At the four-way stop I wave you on,
a kindness. You wave no no, you go. I wave, go.
We keep on. You insist. Me: no you,
please. A bird shifts, a sigh. The penned
horse tosses, pacing. I mouth you go.
There is a fleck on your windshield. I notice your hands.
Rain falls. Your hands cup the wheel
at ten o’clock and two, then float
past my knee and only sometimes land.
One hundred times on my back, they tame me.
Cars line up. Birds lift. I nod my head into your chest.

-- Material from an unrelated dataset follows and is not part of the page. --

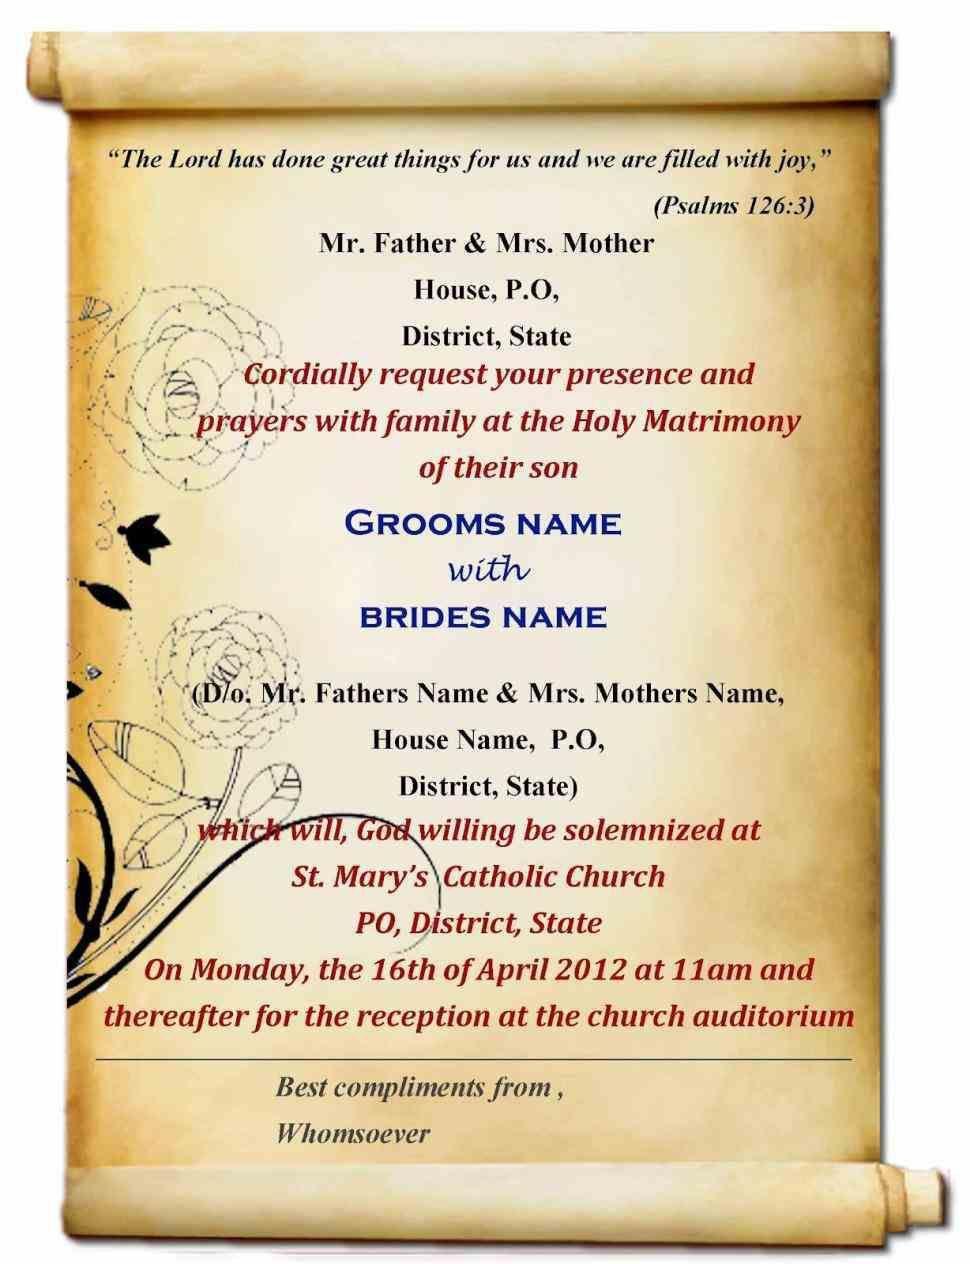 birthday invitation : online birthday invitations - Free Invitation ...

There is a trail of clothing. I walk to the
plank door of your room. This takes hours
and hours. This is a small cottage and there is sand
on the floor and nothing on the walls, crows calling,
dishes in the sink. Days go by. We are still making
our way to the bed. This is an inventory:
black telephone, board games, frayed chairs,
coffee table spotted with the old moons of drinks,
curtains pulled back on tiny hooks, single pane glass
windows like the ones I used to sneak out of at night, lifting
them as slow as this stepping, and when you talk
into my neck the words settle in the hammock
of my collarbone, puddle there and spill,
slide over my breasts and I am slowly covered,
and rinsed. I do not close my eyes. Nothing hurts.
The dust rises in swirls. Dogs bark. You turn
your windshield wipers on intermittent.
Your car rolls into the space I have built between us.

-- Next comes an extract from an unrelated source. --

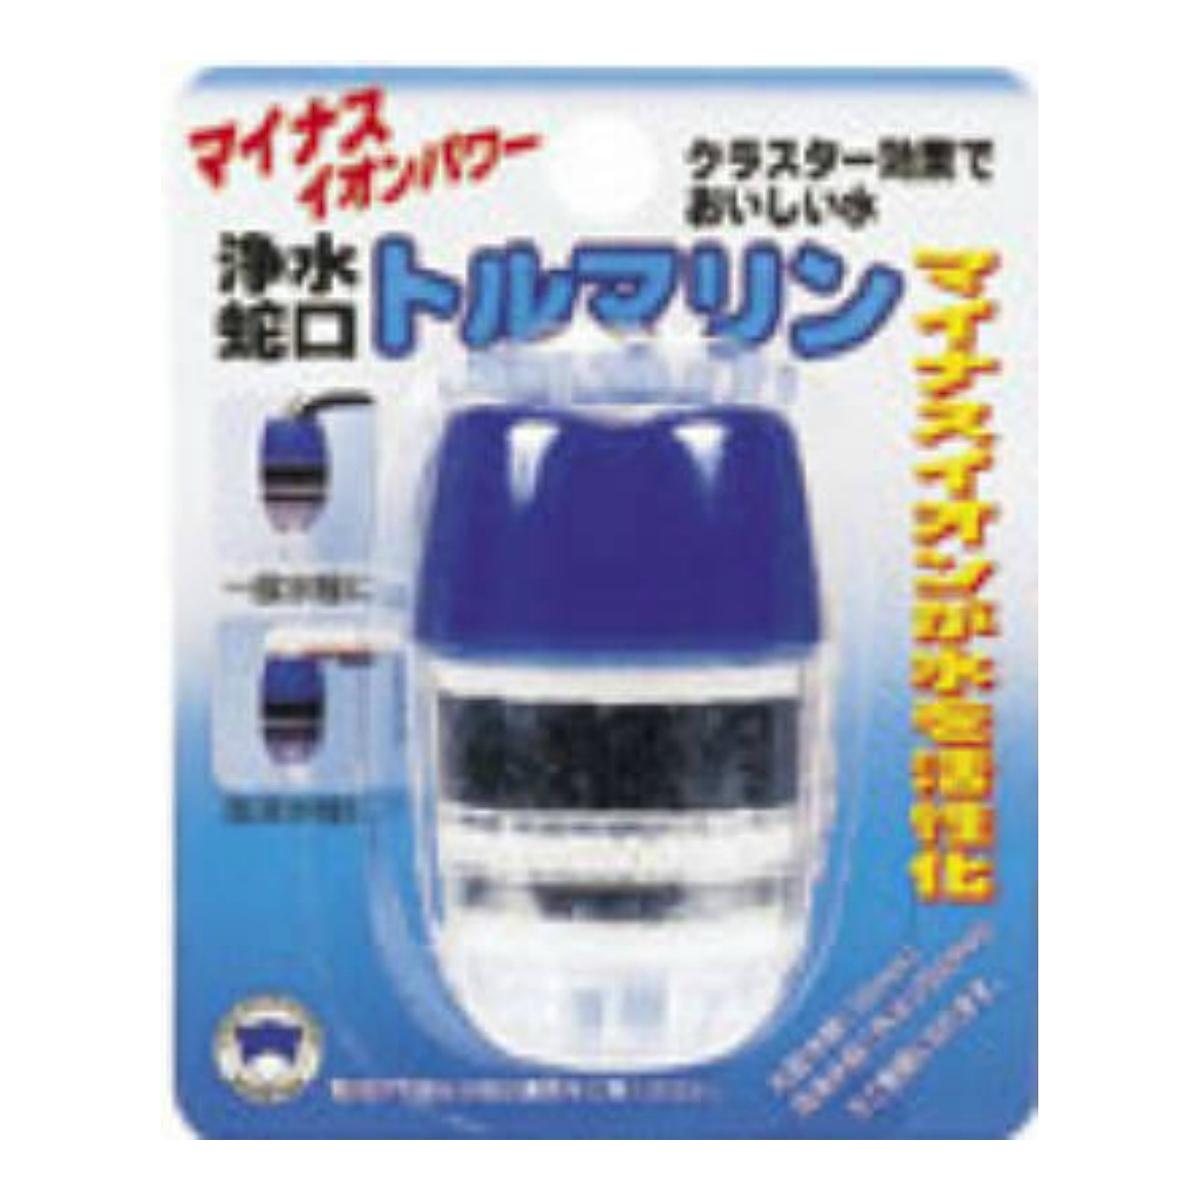 Bonn star sale clean water faucet tourmaline (the water purifier faucet direct connection type body) *5 point set (4902493202267)

I am up to my belly in a northern lake, cold. I am afraid now.
When I get home, everyone will see.

from Rattle #32, Winter 2009

__________

Kerrin McCadden: “I really like water, and birds—especially the Winooski River and swallows. I like to be the one who starts applause. I have recently learned to love olives. I love dailiness, hydrangea, old words and incongruous things, including a poodle. I write poems because they let me have everything I want, and words are better than yarn. Syntax, diction: knit, purl. And because a poem is an impossible thing, unlike a sweater. My evil twin is likely in one of my classes, and so I teach.” (web)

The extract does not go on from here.